#### TASK ITEM:
Repeat all of the data below word for word, keeping no images.

#### MATERIAL PROVIDED:
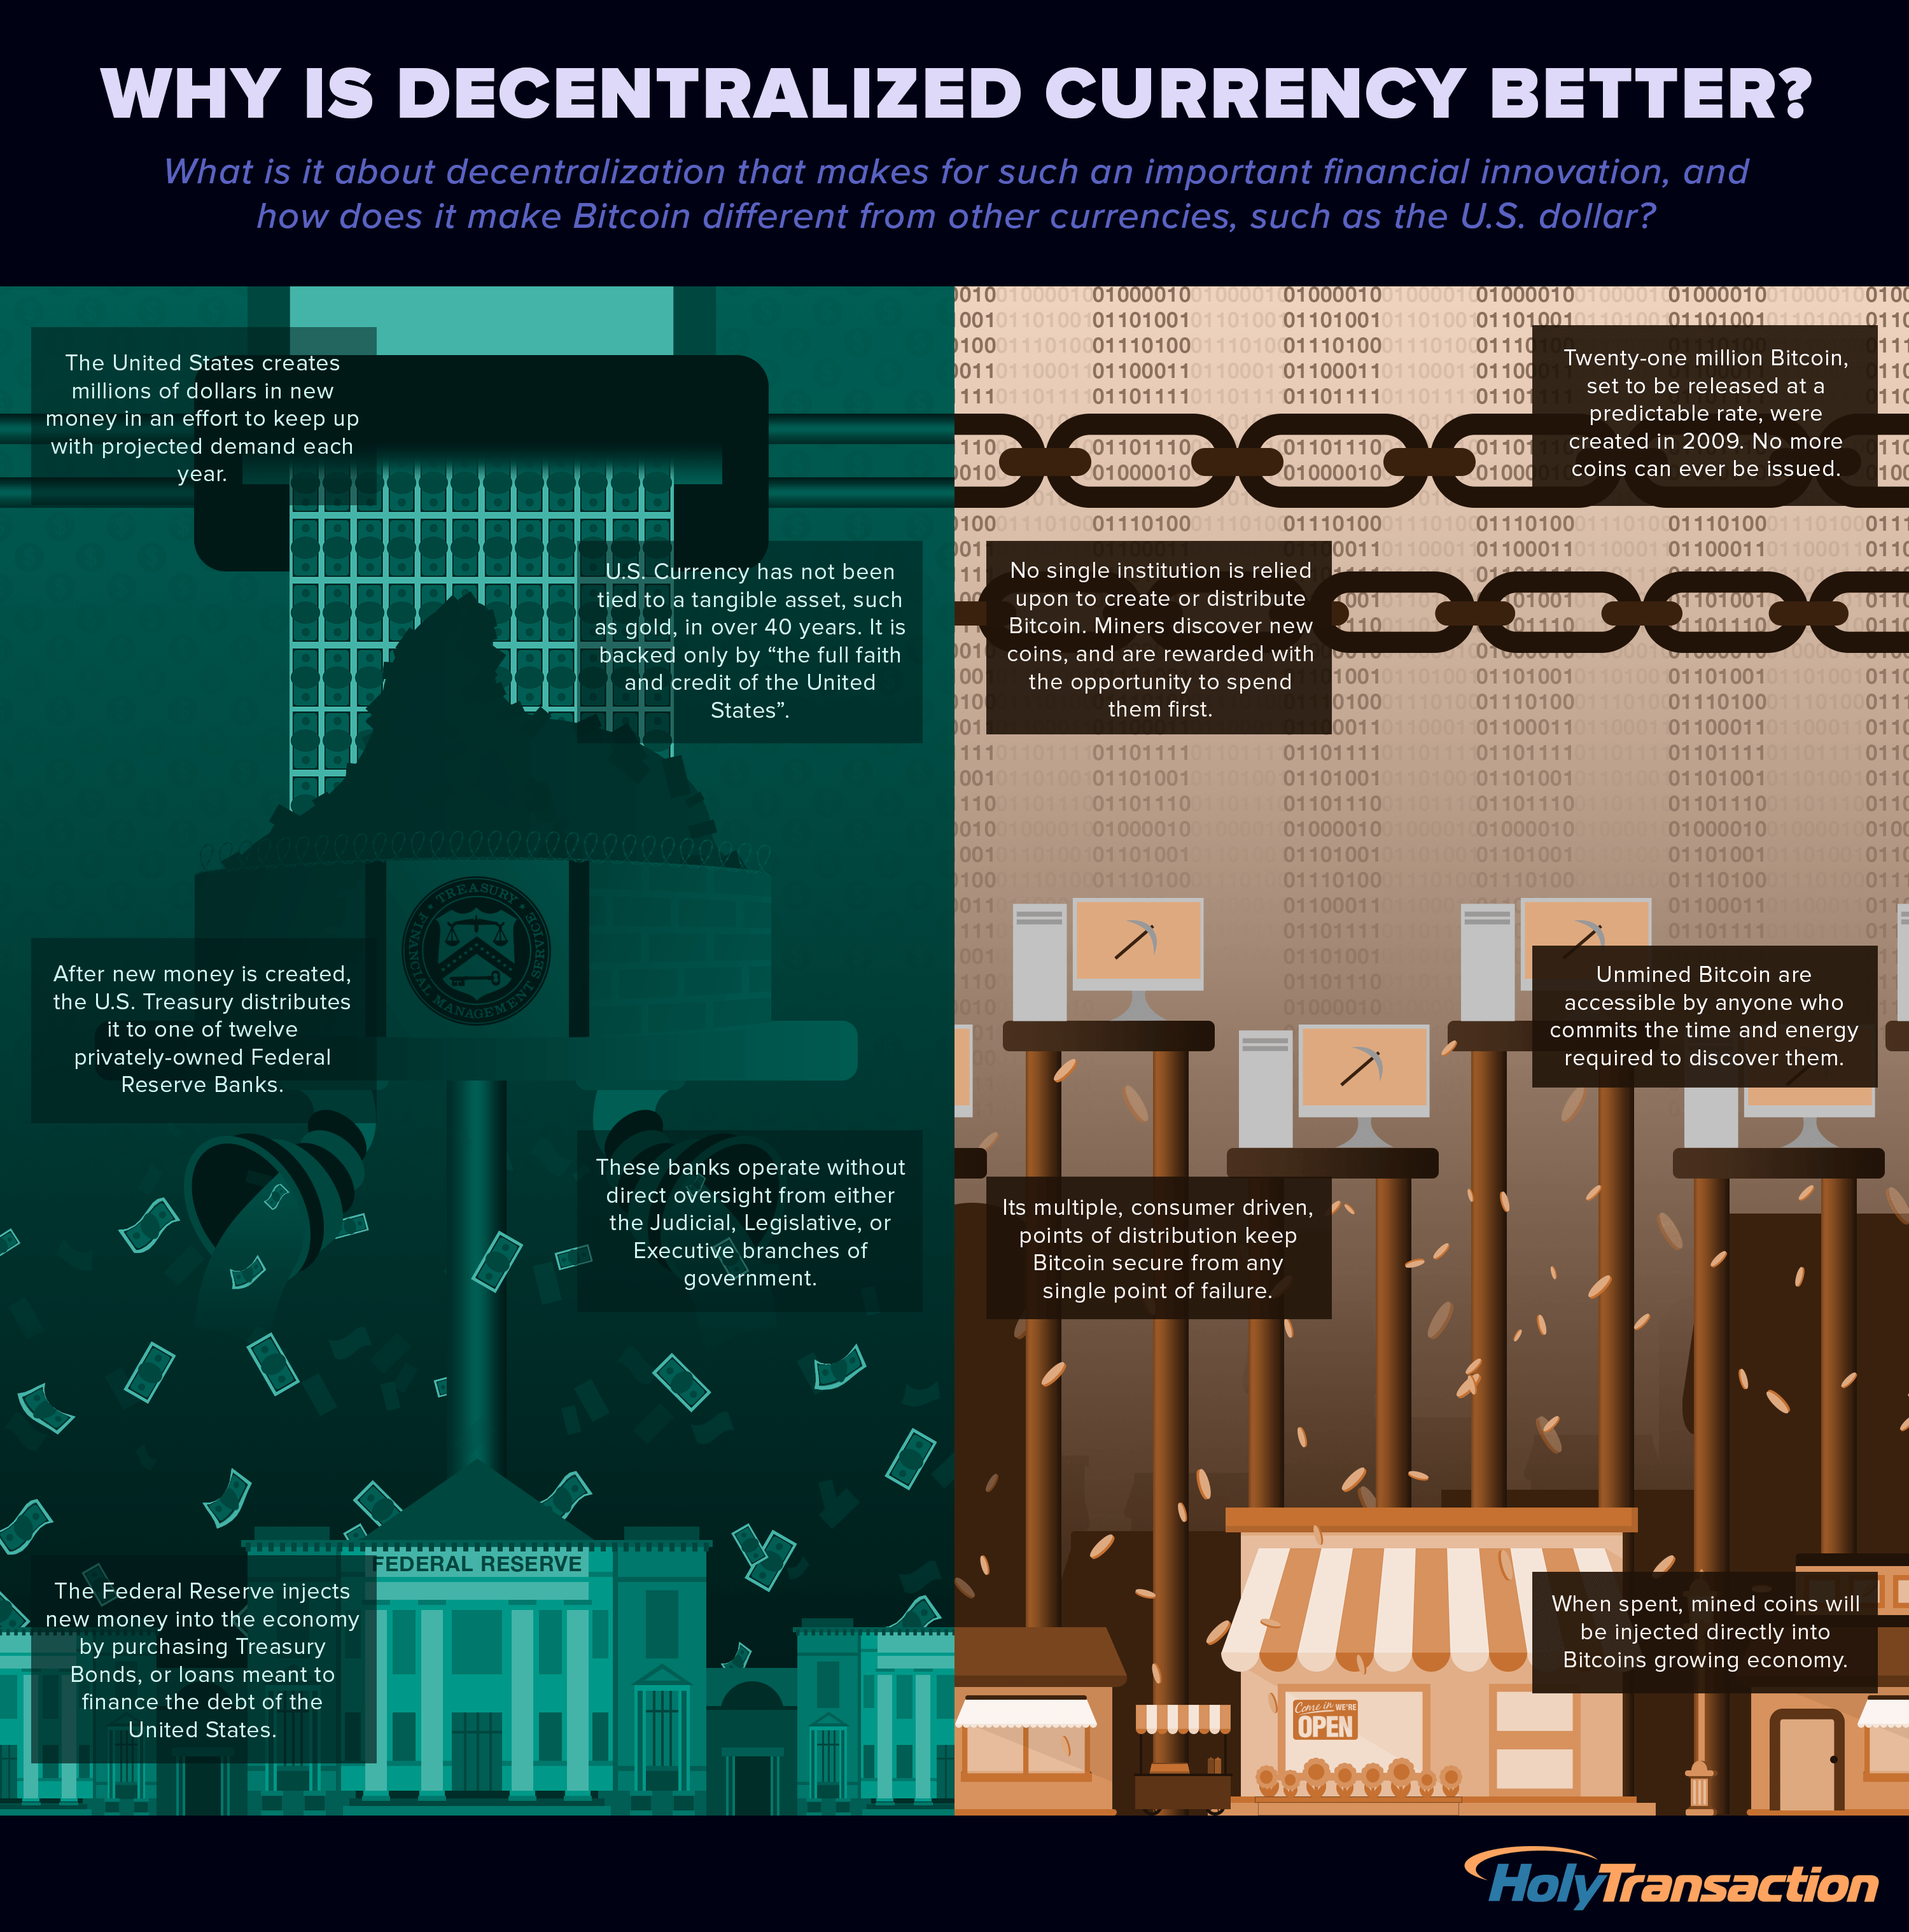 Why decentralized currency is better
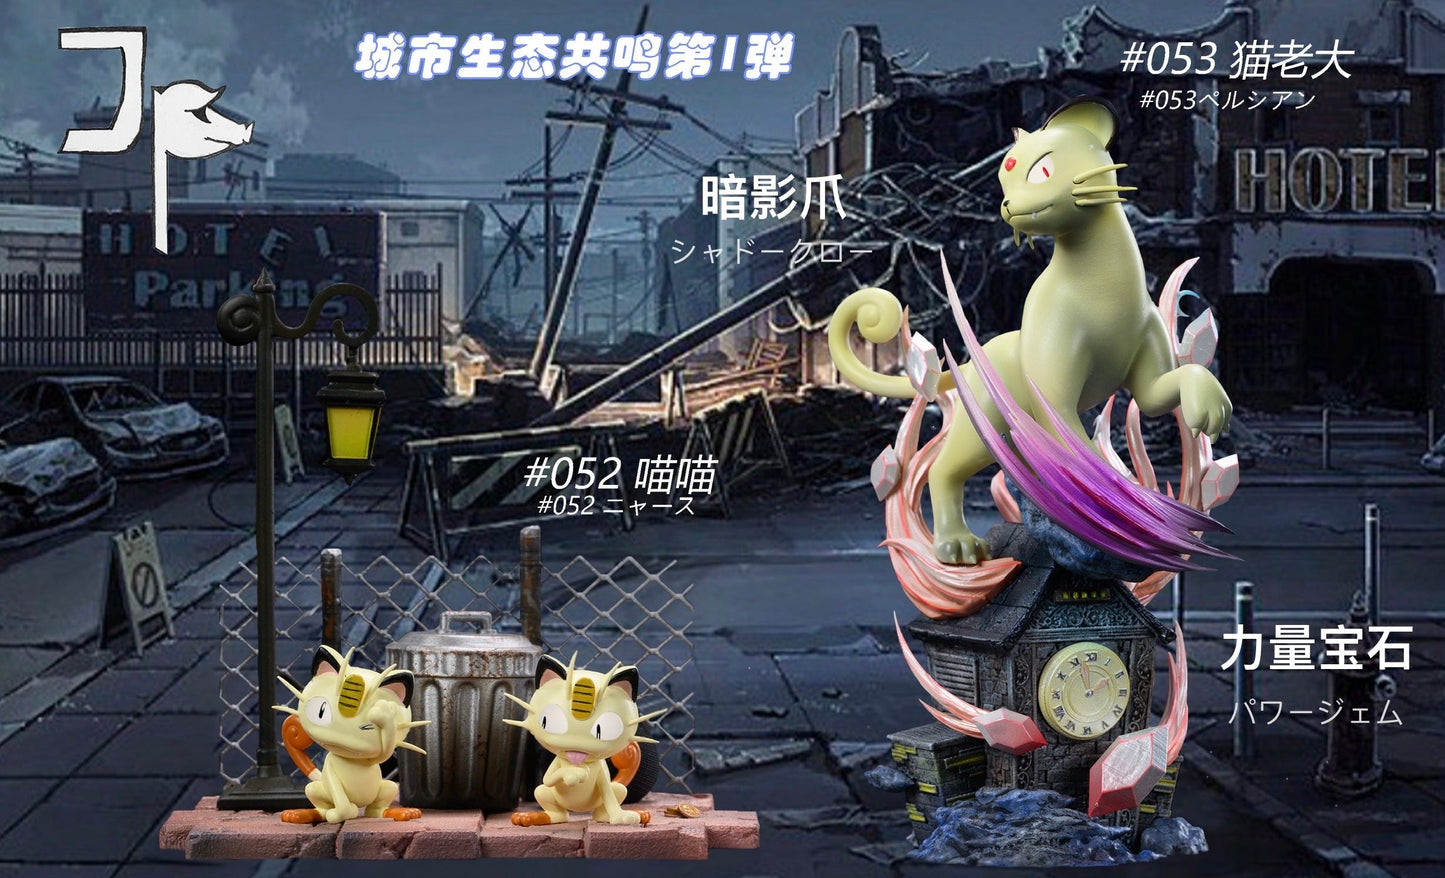 [PREORDER CLOSED] Statue [JP] - Meowth & Persian
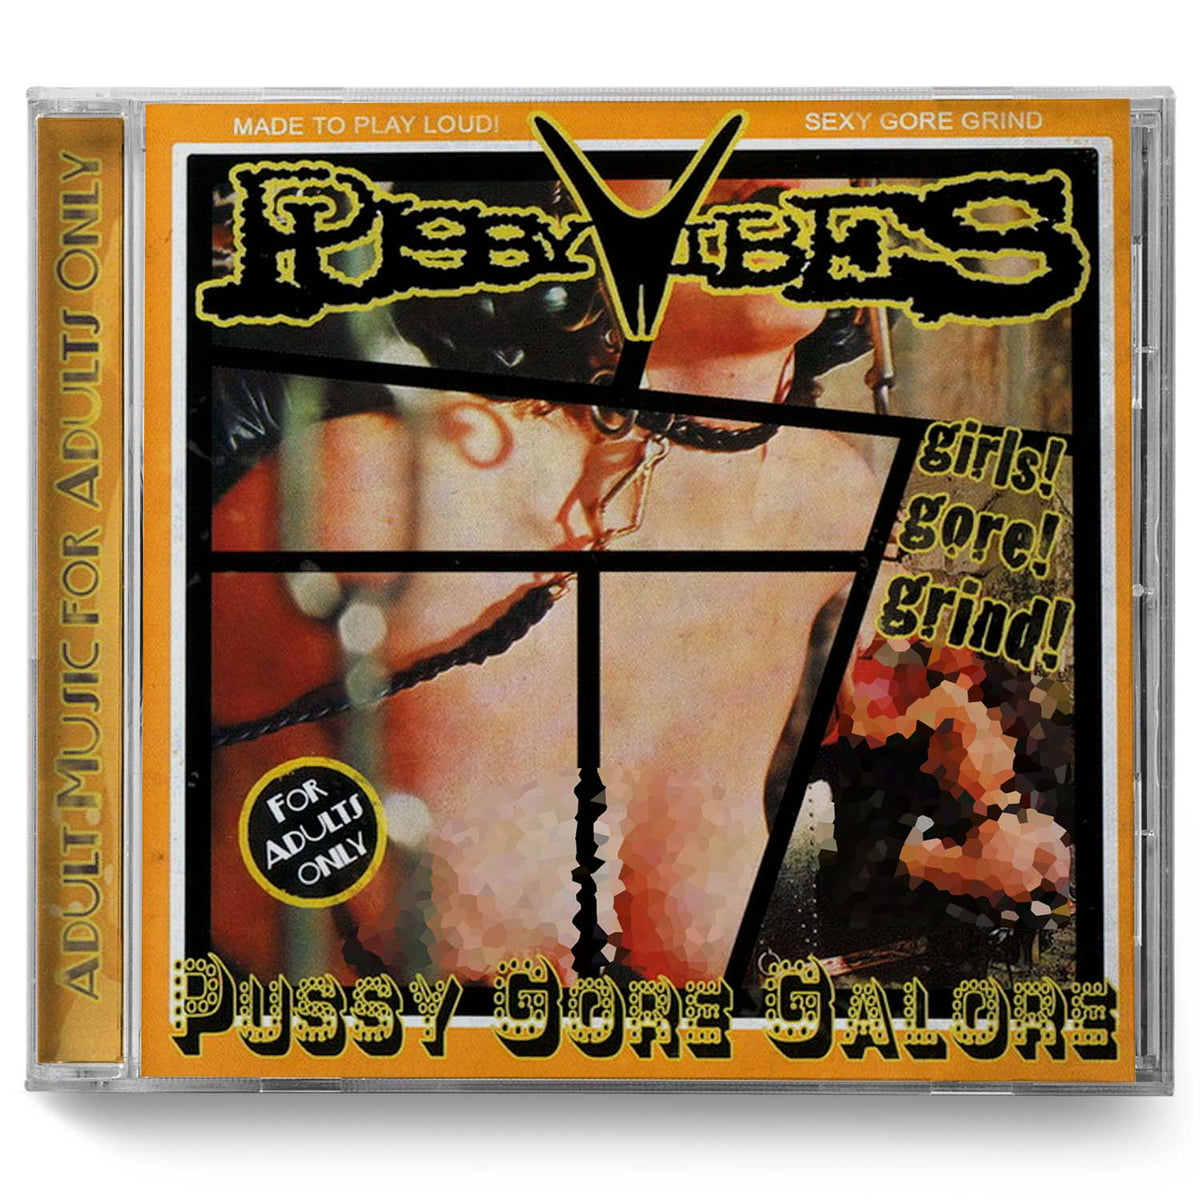 Puss*vibes "Puss* Gore Galore" CD

#### RESPONSE BELOW:
 Why decentralized currency is better
 [PREORDER CLOSED] Statue [JP] - Meowth & Persian
 Puss*vibes "Puss* Gore Galore" CD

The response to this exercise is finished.